Showing $\lim_{n\rightarrow \infty}n\left[\frac{1}{n^{\alpha +1}}(1^{\alpha}+2^{\alpha}+\cdots+n^{\alpha})-\frac{1}{\alpha+1}\right]=\frac{1}{2}$

Question

$$\lim_{n\rightarrow \infty}n\left[\frac{1}{n^{\alpha +1}}(1^{\alpha}+2^{\alpha}+\cdots+n^{\alpha})-\frac{1}{\alpha+1}\right]=\frac{1}{2}$$

I know that this can be solved by the Stolz theorem, as there, but when I do it myself, I first try this: $$\text{The origen}=\frac{\frac{1}{n}\sum_{i=1}^{n}(\frac{i}{n})^\alpha-\frac{1}{\alpha+1}}{\frac{1}{n}}$$, it seems that the summation is somehow like $\int_{0}^{1}x^{\alpha}dx$, but I do not know what to do next, Could it can be done following my method?
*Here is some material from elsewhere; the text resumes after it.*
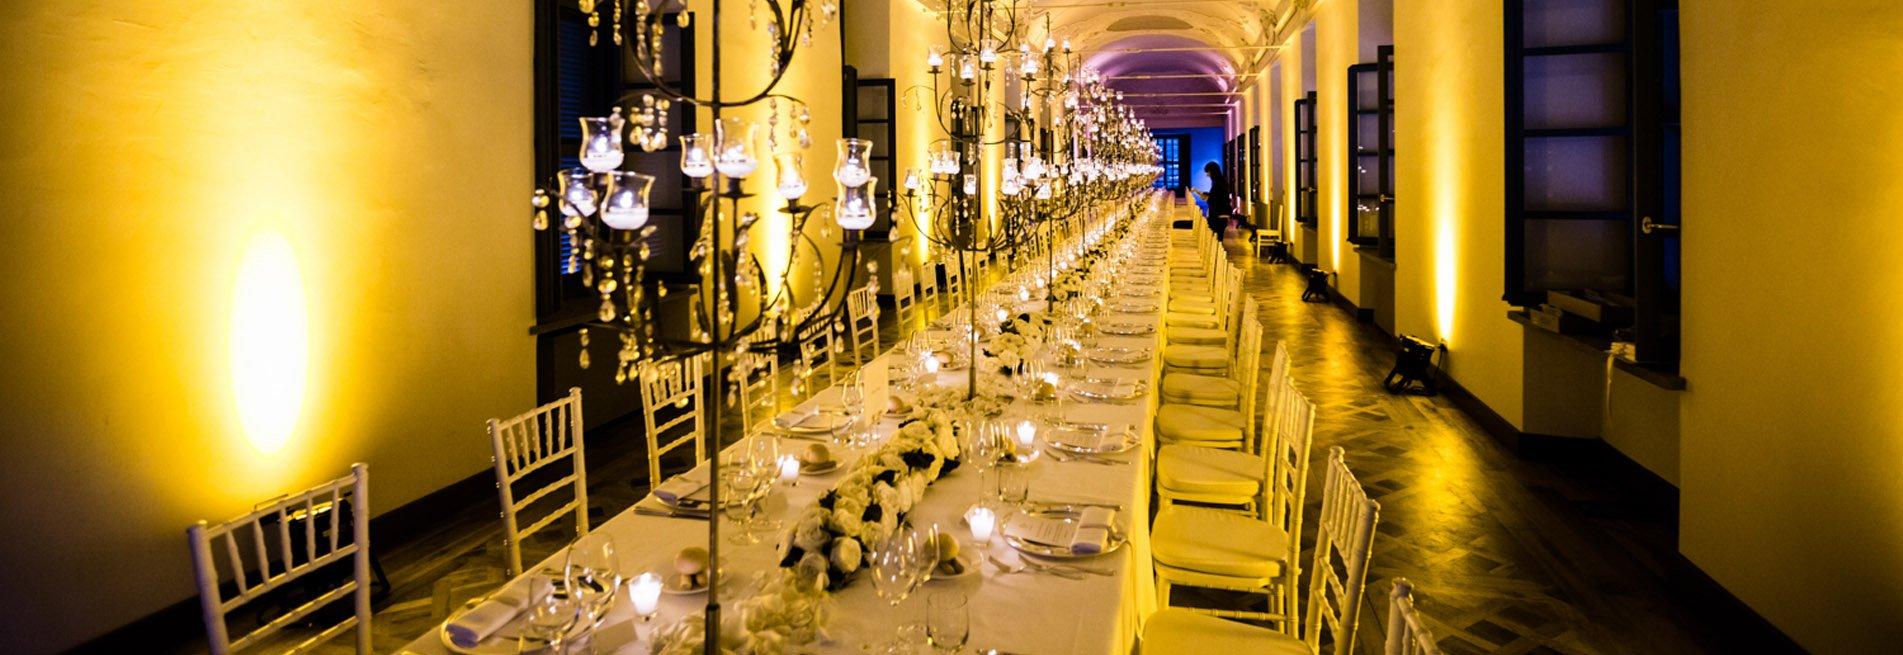 Catering e banqueting per matrimoni, cerimonie, eventi aziendali. Wedding catering. Allestimento eventi. Location per matrimoni ed eventi.

Thank you!

Answer 1

An appproach using Faulhaber formula.

Writing the limit $$L= \lim_{n\to \infty} \left(\frac{1}{n^{\alpha}}\sum_{k=1}^n k^{\alpha }-\frac{n}{\alpha +1}\right)$$ Using the Faulhaber formula we have the limit as $$\begin{aligned}L=\lim_{n\to\infty}\left(\frac{1}{n^{\alpha} }\left(\frac{n^{\alpha +1}}{\alpha +1} +\frac{n^{\alpha}}{2}+\sum_{k=2}^{\alpha} \frac{B_k}{k!}(\alpha)_{k-1} n^{\alpha -k+1}\right)-\frac{n}{\alpha+1}\right)=\lim_{n\to\infty}\left(\frac{1}{2}+\frac{1}{n^{k-1}}\sum_{k=1}^{\alpha}\frac{B_k}{k!}\frac{\alpha!}{(\alpha -k+1)!}\right)=\frac{1}{2}+\lim_{n\to \infty}\frac{F(\alpha,k)}{n^{k-1}}=\frac{1}{2} +0=\frac{1}{2}\end{aligned}$$ Here $B_k$ is kth Bernoulli number and$\displaystyle (\alpha)_{k-1} =\frac{\alpha !}{(\alpha-k+1)!}$ and since we are interested in evaluating the limit so the limit of latter sum $F(\alpha,k)$ is clear to us which is $0$.